Chuck Lever Sept. 17, 2015, 8:44 p.m. UTC

Commit 8301a2c047cc ("xprtrdma: Limit work done by completion
handler") was supposed to prevent xprtrdma's upcall handlers from
starving other softIRQ work by letting them return to the provider
before all CQEs have been polled.

The logic assumes the provider will call the upcall handler again
immediately if the CQ is re-armed while there are still queued CQEs.

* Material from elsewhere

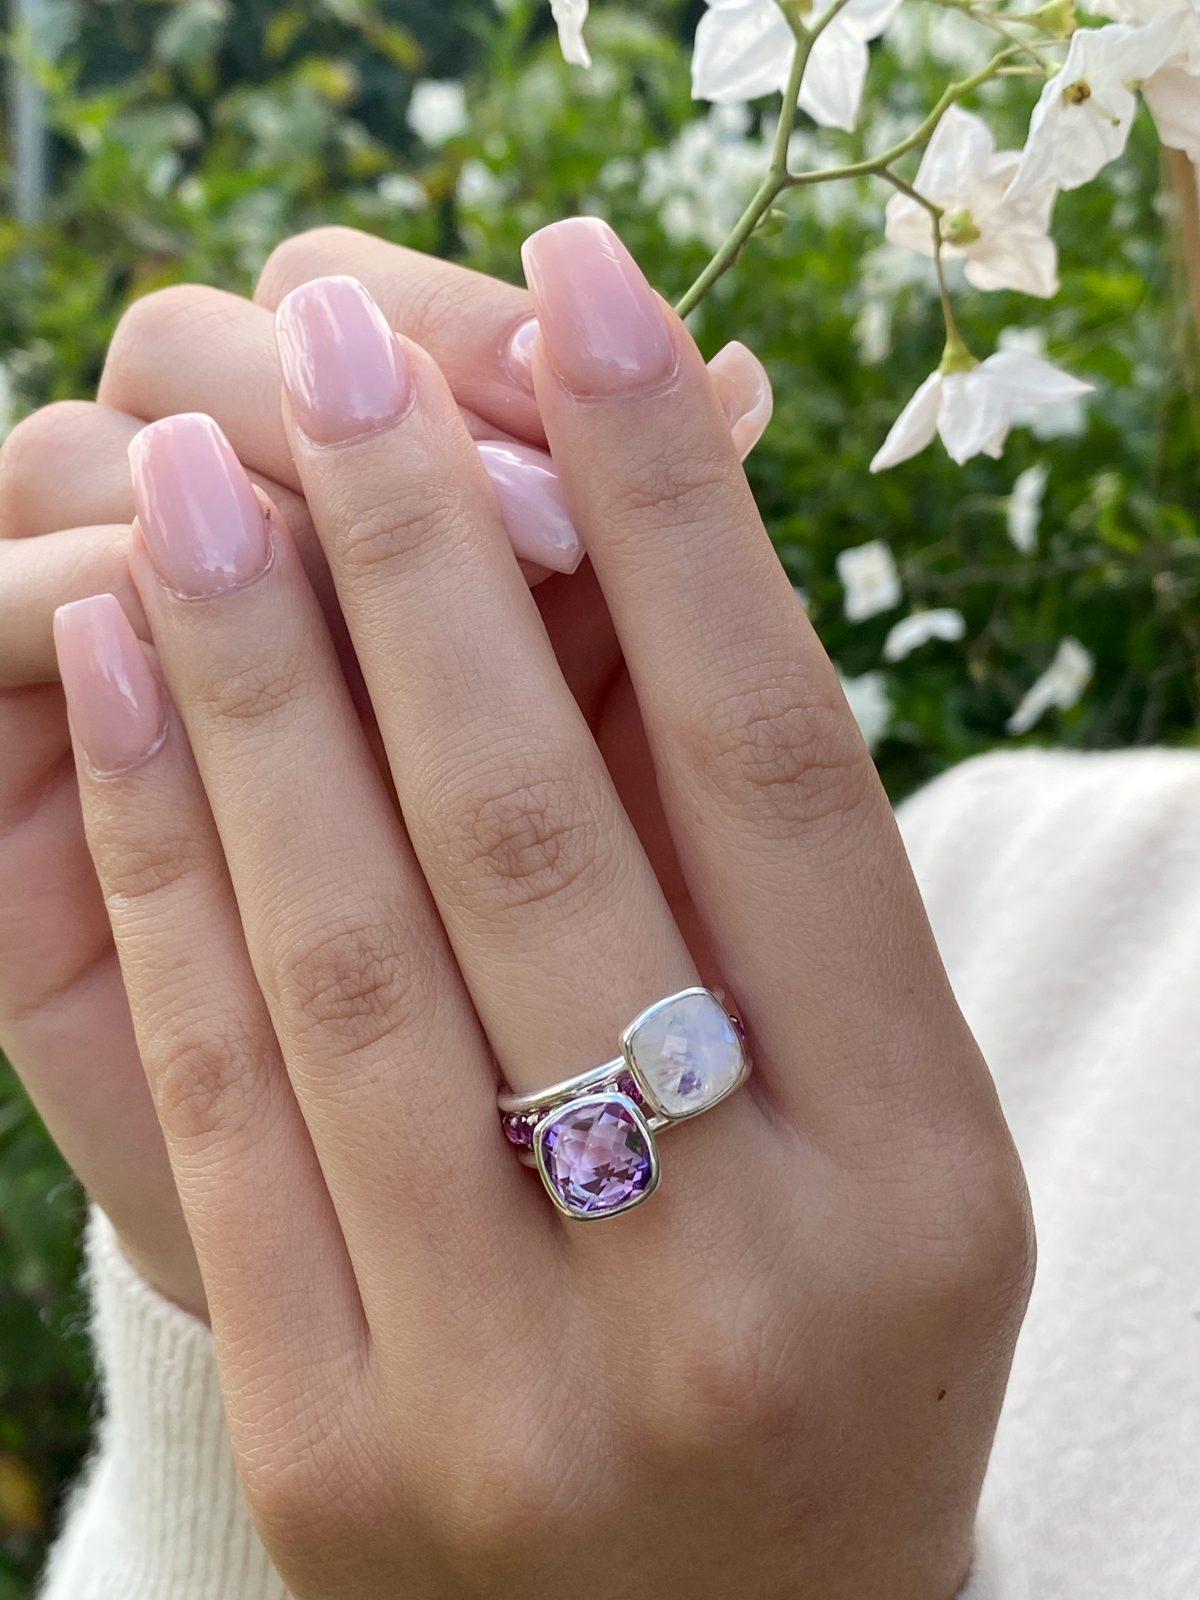 Rainbow Moonstone stacking ring, Cushion cut rainbow moonstone ring, stacking ring.
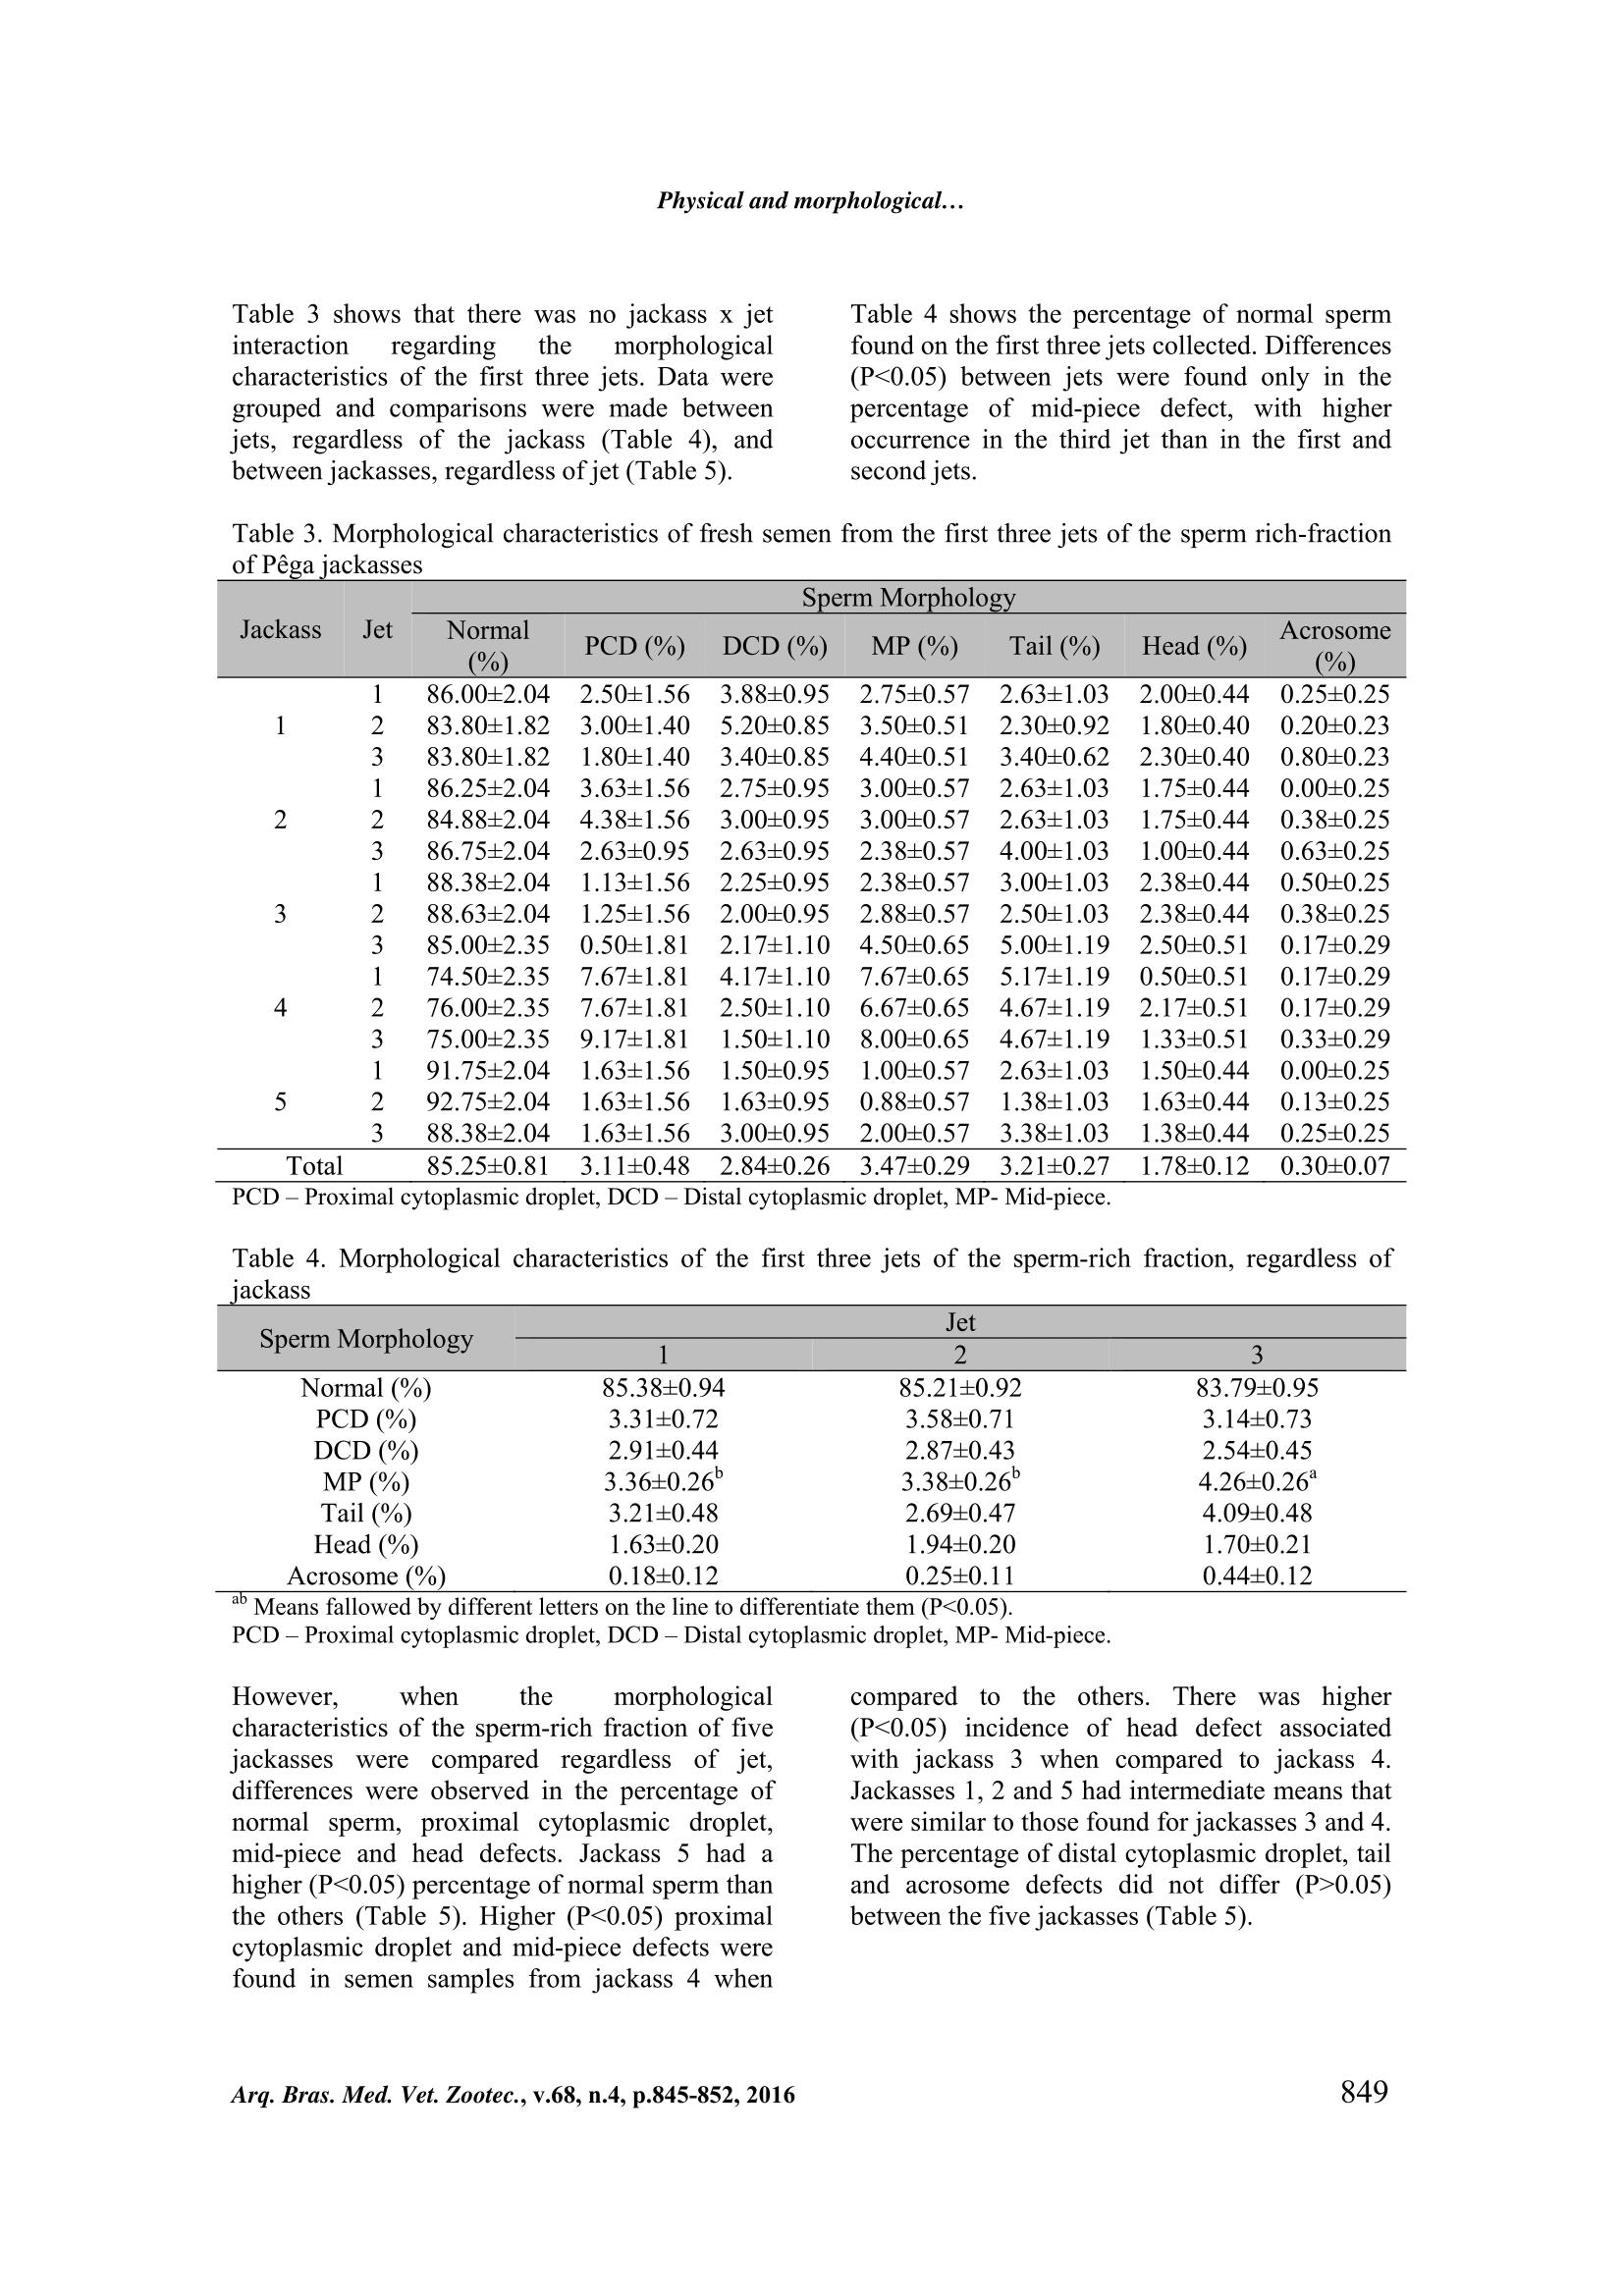 AMA 2-5 (1).png

This assumption is invalid. The IBTA spec says that after a CQ is
armed, the hardware must interrupt only when a new CQE is inserted.
xprtrdma can't rely on the provider calling again, even though some
providers do.

Therefore, leaving CQEs on queue makes sense only when there is
another mechanism that ensures all remaining CQEs are consumed in a
timely fashion. xprtrdma does not have such a mechanism. If a CQE
remains queued, the transport can wait forever to send the next RPC.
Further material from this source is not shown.